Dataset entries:

______________________________

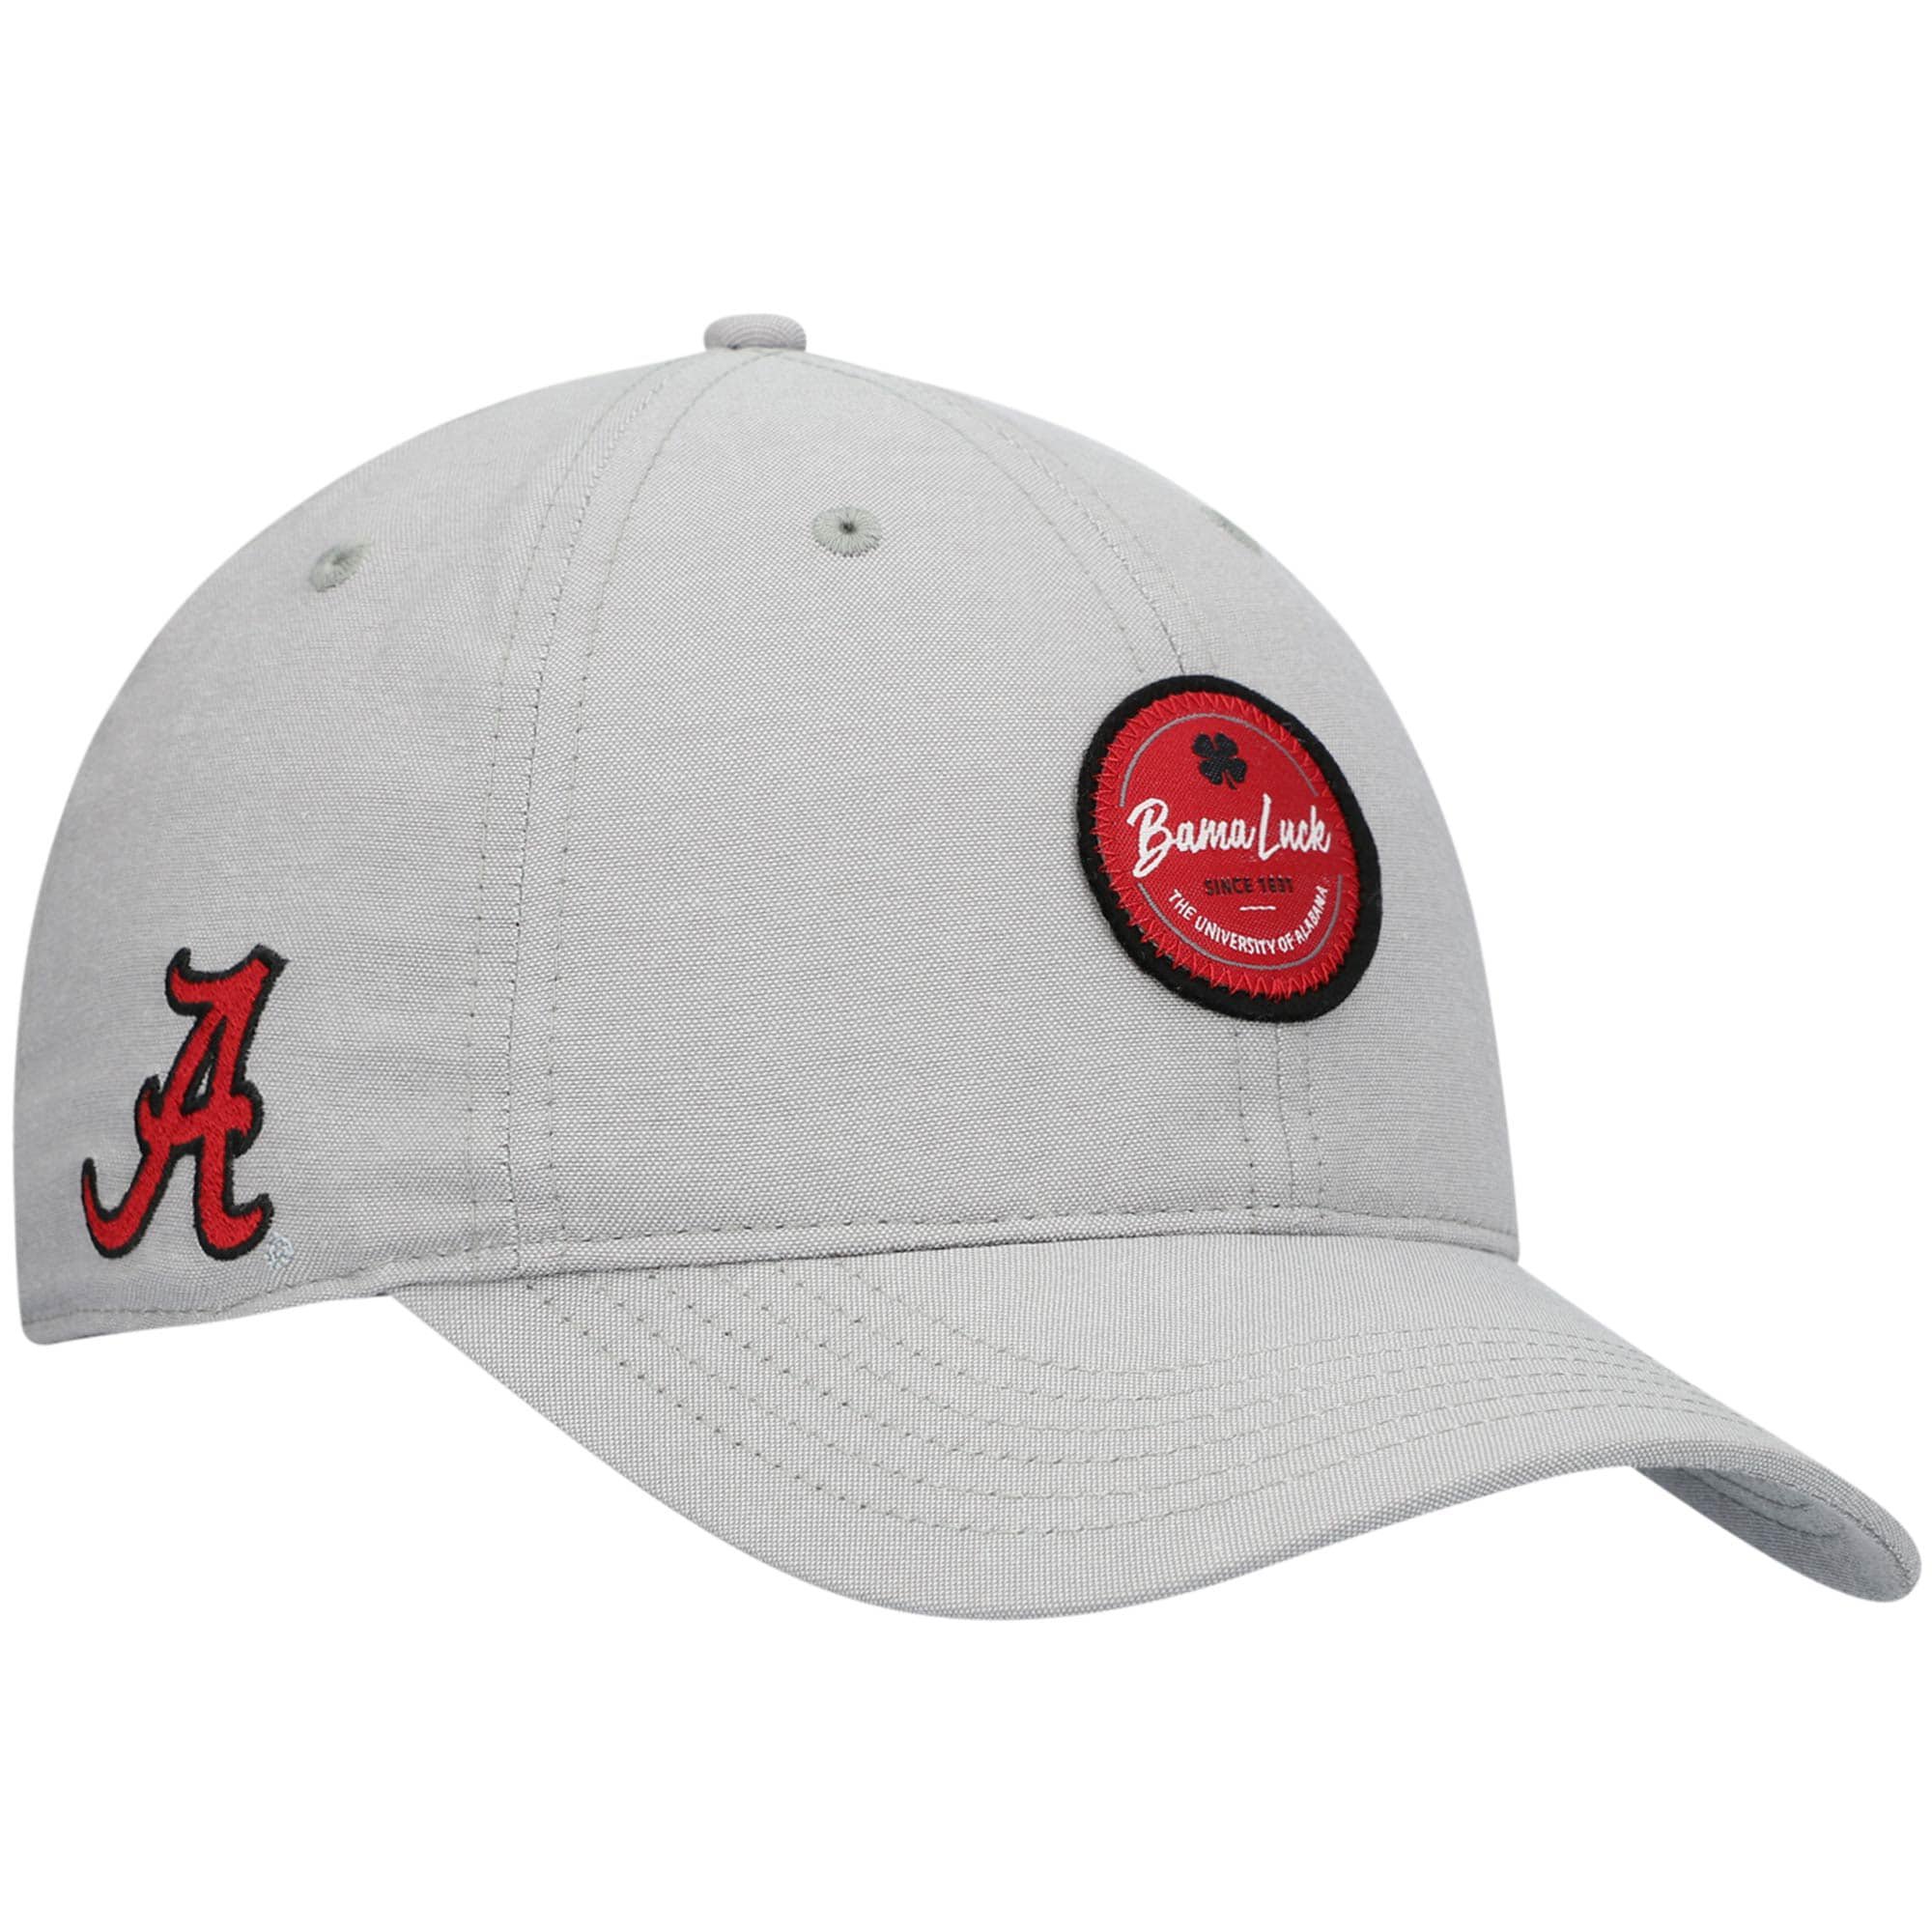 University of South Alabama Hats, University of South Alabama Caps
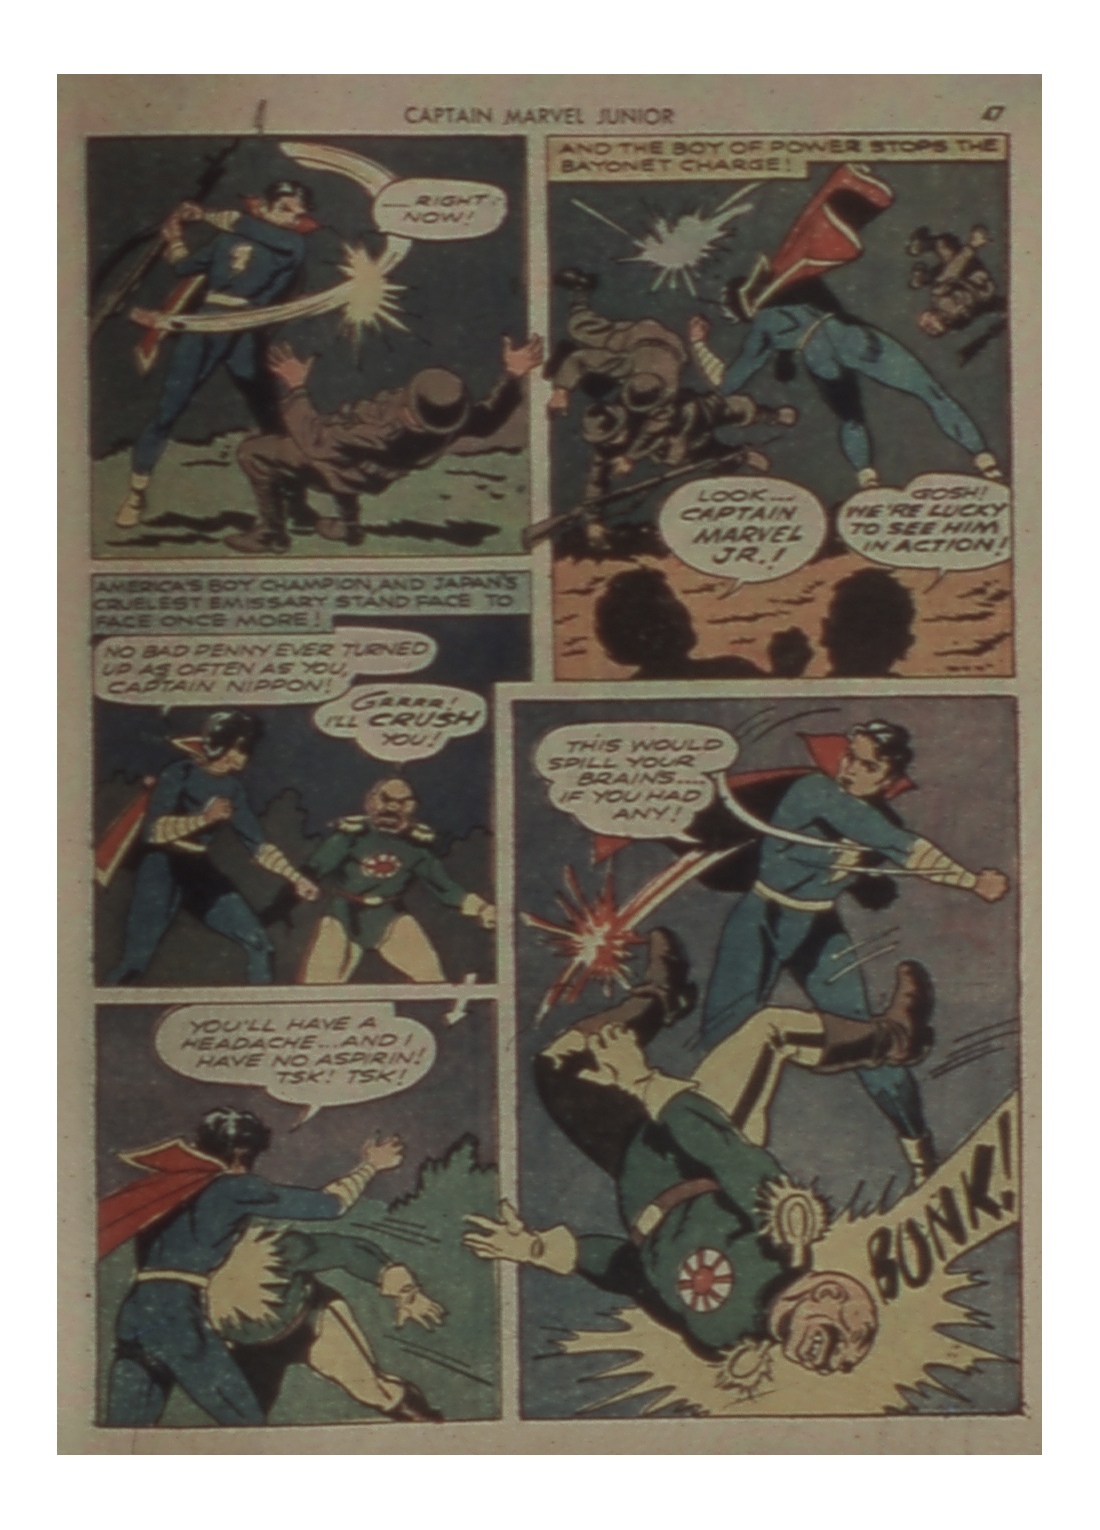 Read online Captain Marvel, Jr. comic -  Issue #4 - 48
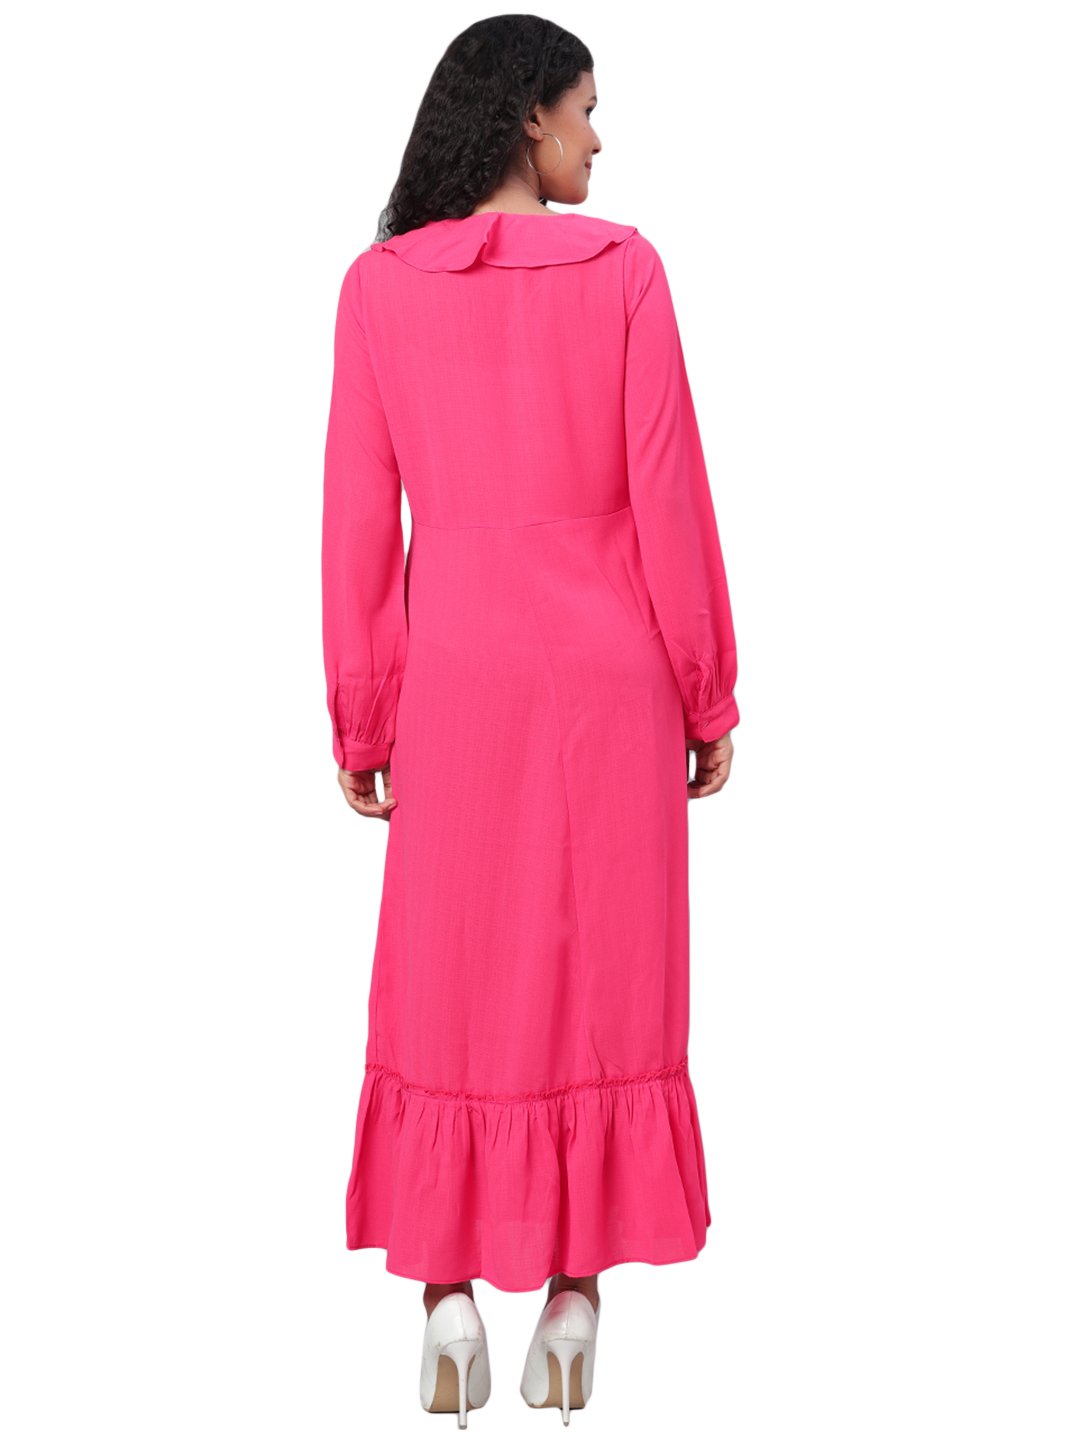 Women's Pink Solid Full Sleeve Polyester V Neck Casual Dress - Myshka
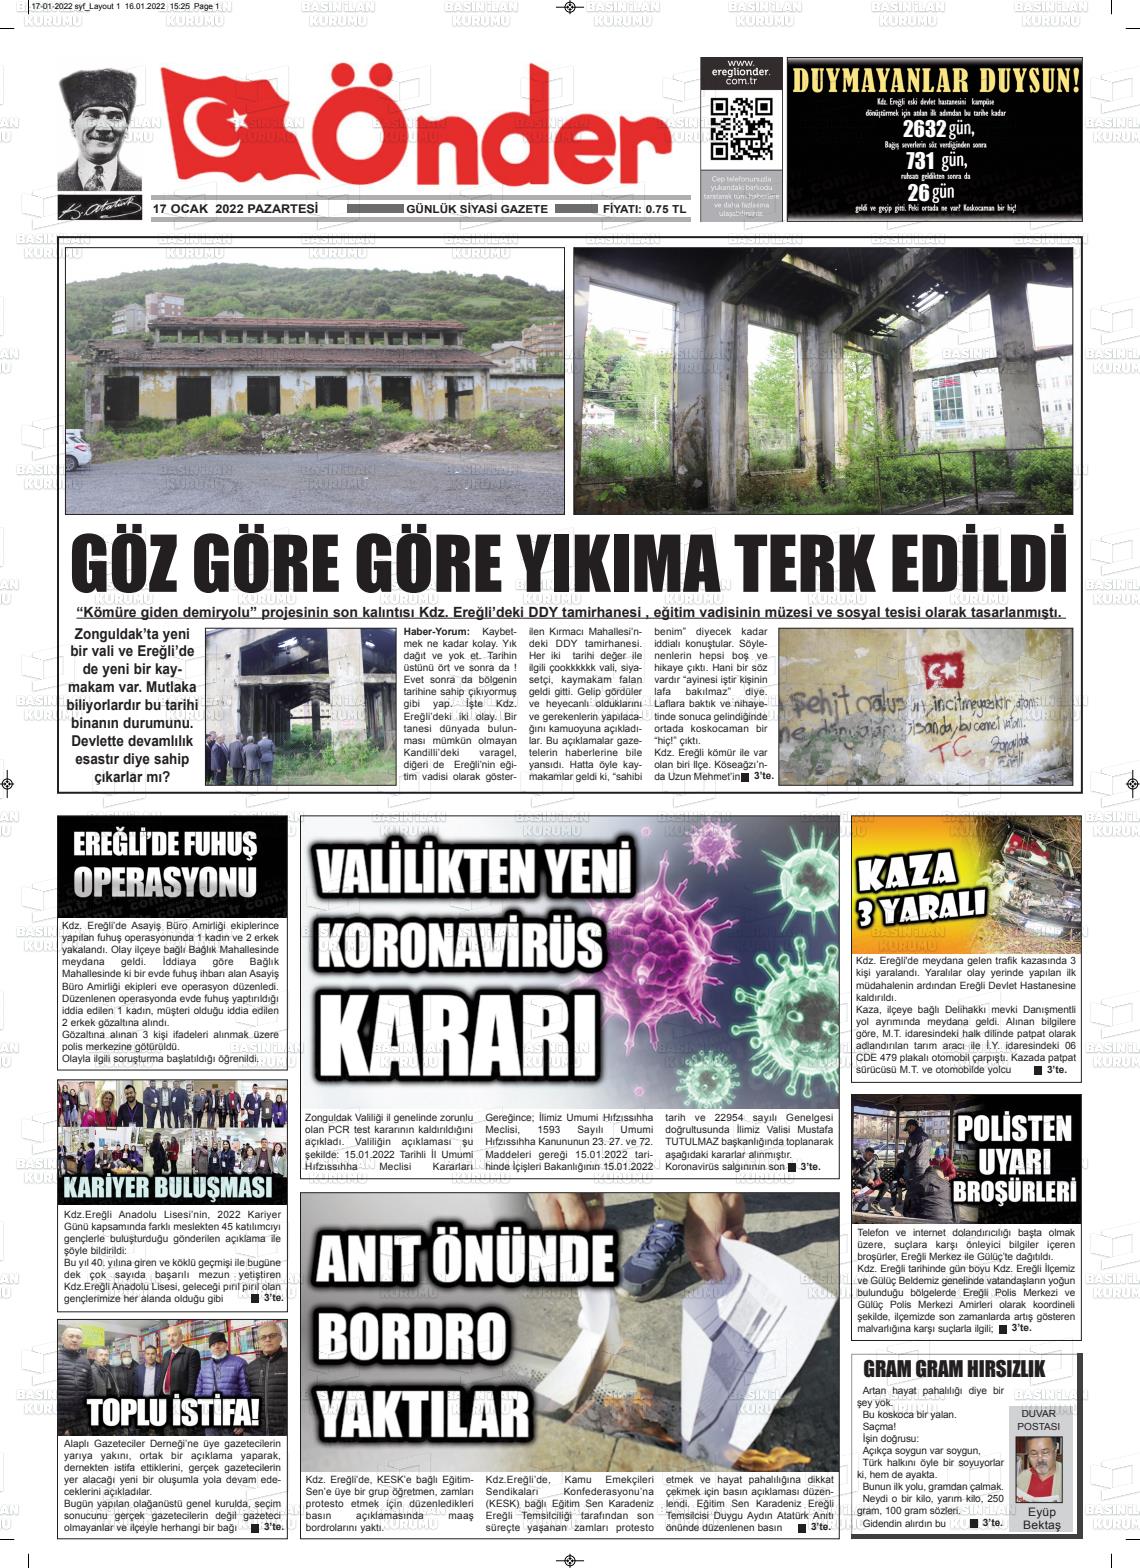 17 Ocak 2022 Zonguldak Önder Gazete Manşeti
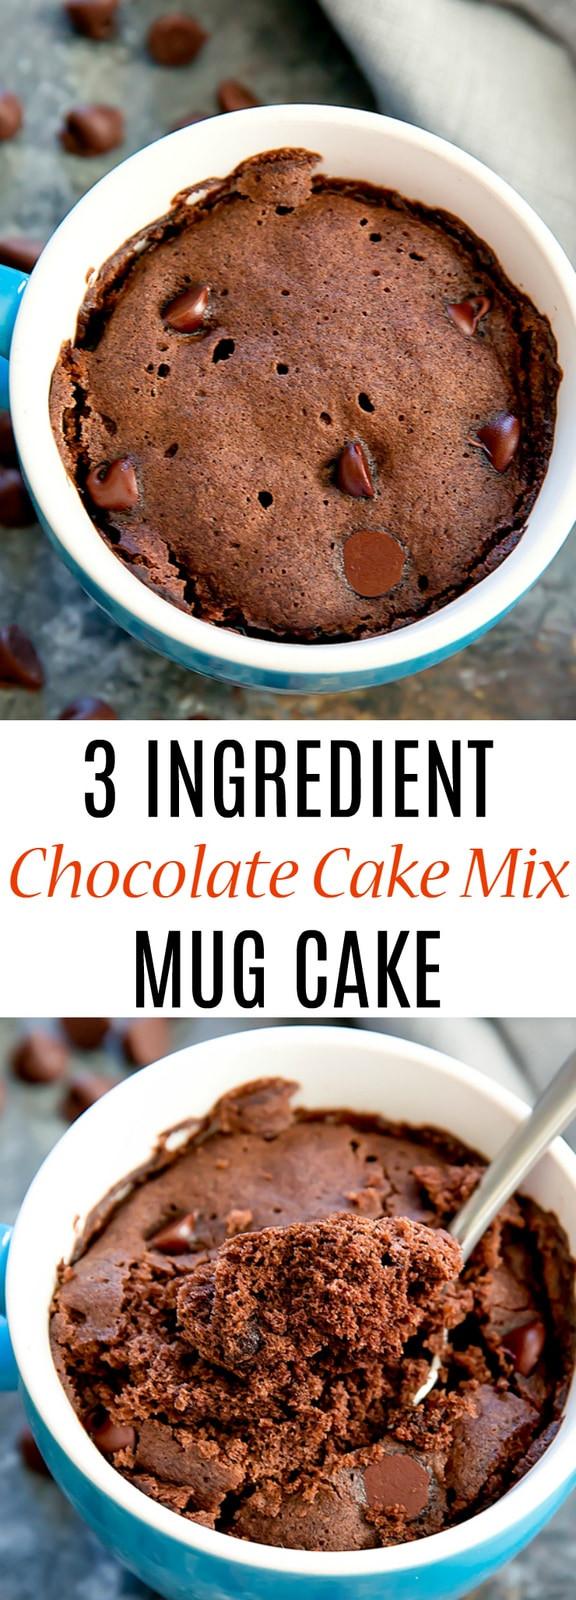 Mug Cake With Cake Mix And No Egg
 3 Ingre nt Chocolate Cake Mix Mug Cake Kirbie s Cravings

______________________________

_Work item_
Your answer must be an exact copy of the lines from the one with "Mug Cake With Cake Mix And No Egg" through the final line of the data, both included, without any pictures.

_Answer box_
 Mug Cake With Cake Mix And No Egg
 3 Ingre nt Chocolate Cake Mix Mug Cake Kirbie s Cravings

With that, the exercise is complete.